I was the chief technical officer at the Machine Learning and Data Science (MLDS ) club at UT Austin for 5 years.
My responsibilities included:
Writing up meeting workshops on Machine learning/Data science concepts
Designing/Testing Semester Competition Datasets
Designing/Testing Hackathon Datasets
I particularly enjoy designing, building, and running the semester competitions and hackathons the club puts on. See below for some of the work I've done building these competitions over the past few years.
Built all Modeling, Texturing, Lighting and Programming/Rule Generation and Competition Design.

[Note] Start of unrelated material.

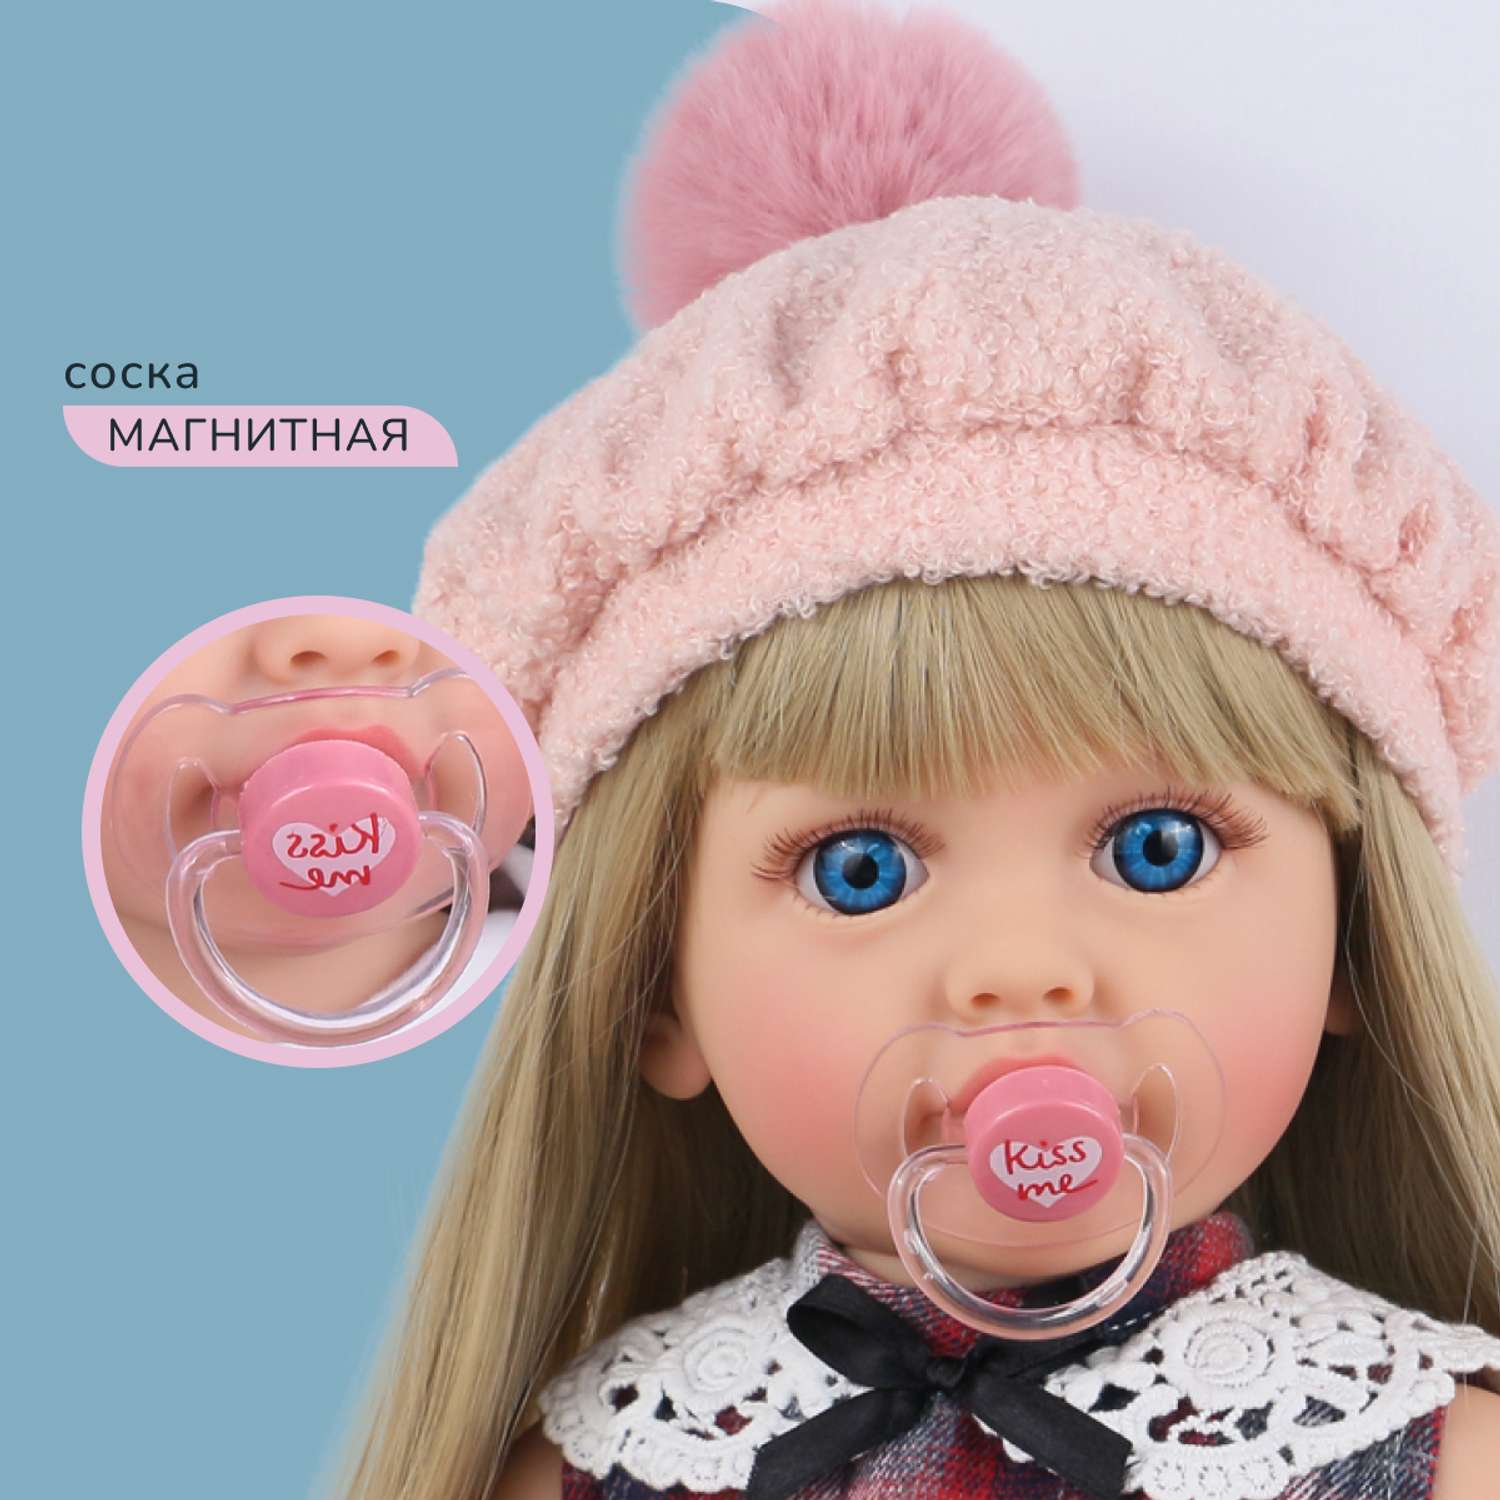 Кукла Реборн QA BABY Марианна большая пупс набор игрушки для девочки 55 см 5553 - фото 6

In this competition, students were tasked with identifying which objects were present in a room scene of synthetically generated objects. Using python I built a system within to randomly place ~50 different household objects within a room under realistic constraints, then render them with Blender. Students were given 10,000 room images for training and made predictions for the remaining 10,000. Read more about the competition here. To see the code/blender file for creation of the competition dataset, see my github here.Â
Co-Built and Tested all Code and Competition Design.
For this competition students were tasked with creating an AI to play a modified, competitive, game of life. Each square could attack all squares within a 5*5 neighborhood, with attacked cells coming under control of the team they were attacked by. Like game of life, if cells were surrounded by too many active cells, they would die. In teams of 2-4, students would submit a script that defined their agent's actions, and team scripts were then pitted against each other in a live competitive bracket. Setting up this competition both years was a joint effort between myself and Henry Castillo, who now works at Stripe. You can take a look at some example code, and even run a match yourself, here.

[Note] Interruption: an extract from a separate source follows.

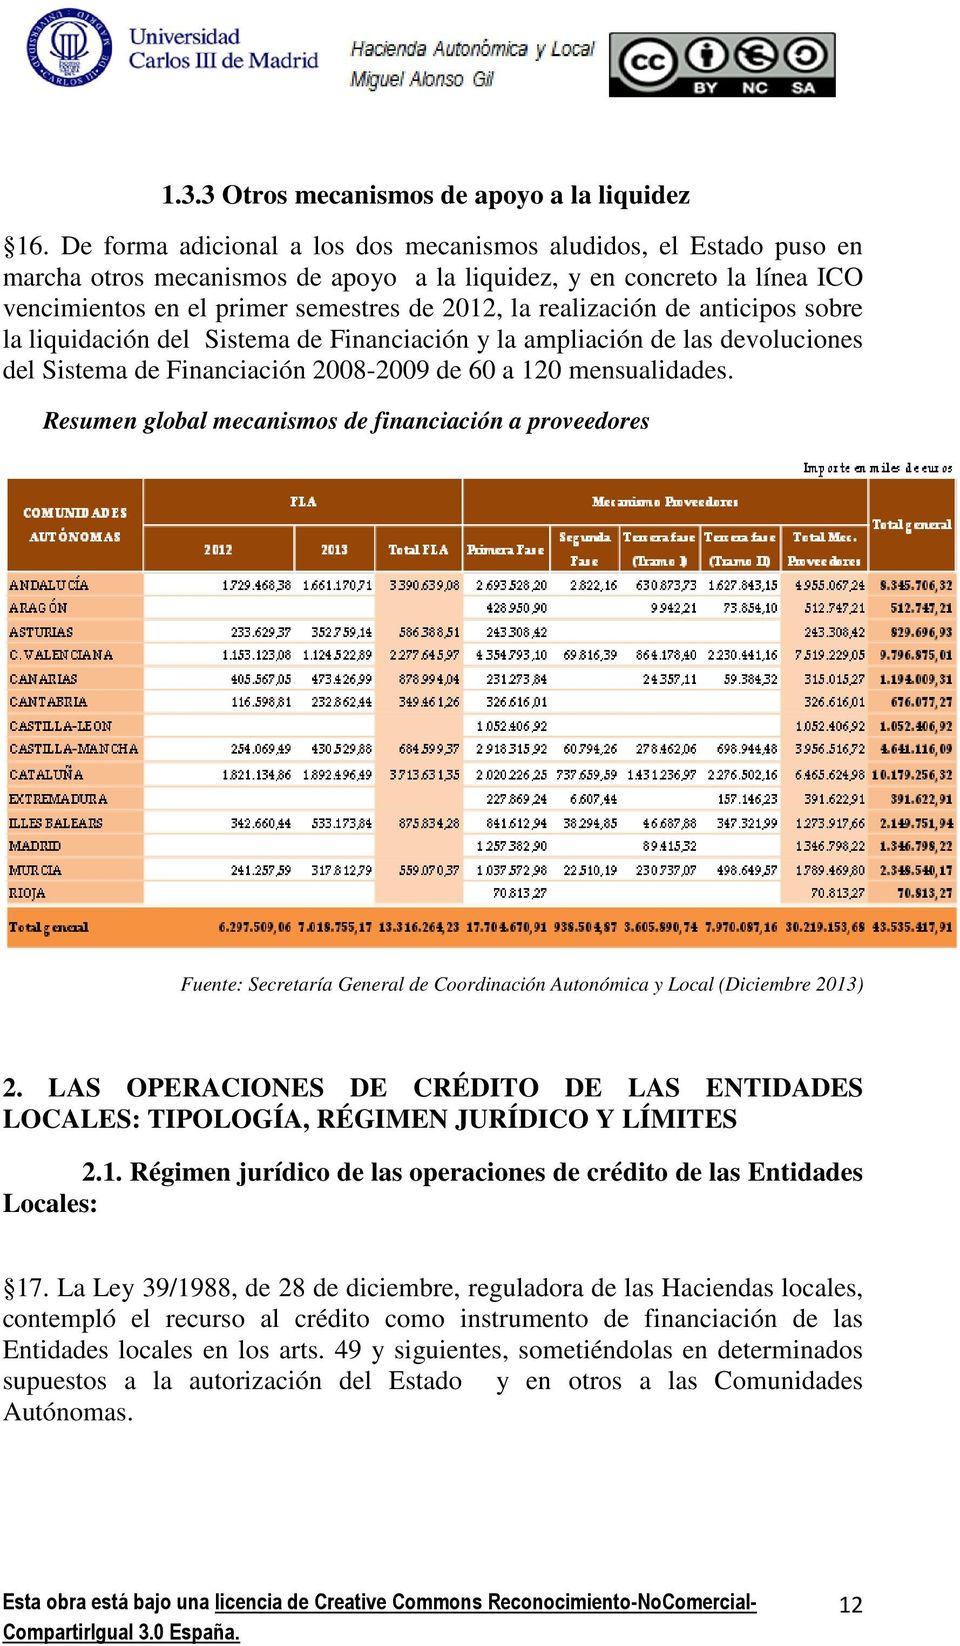 realización de anticipos sobre la liquidación del Sistema de Financiación y la ampliación de las devoluciones del Sistema de Financiación 2008-2009 de 60 a 120 mensualidades.

Designed Competition and Generation System
Within this competition for 2020, students were asked to identify handwritten characters in noisy 20*20 images. For this competition I wanted to avoid students using off the shelf models so all characters were custom made and animated using scripts in blender. To keep word and letter frequency reasonable, characters were converted over from "To Kill a Mocking Bird", leaving a second, cryptographic puzzle for students who developed an accurate enough classifier.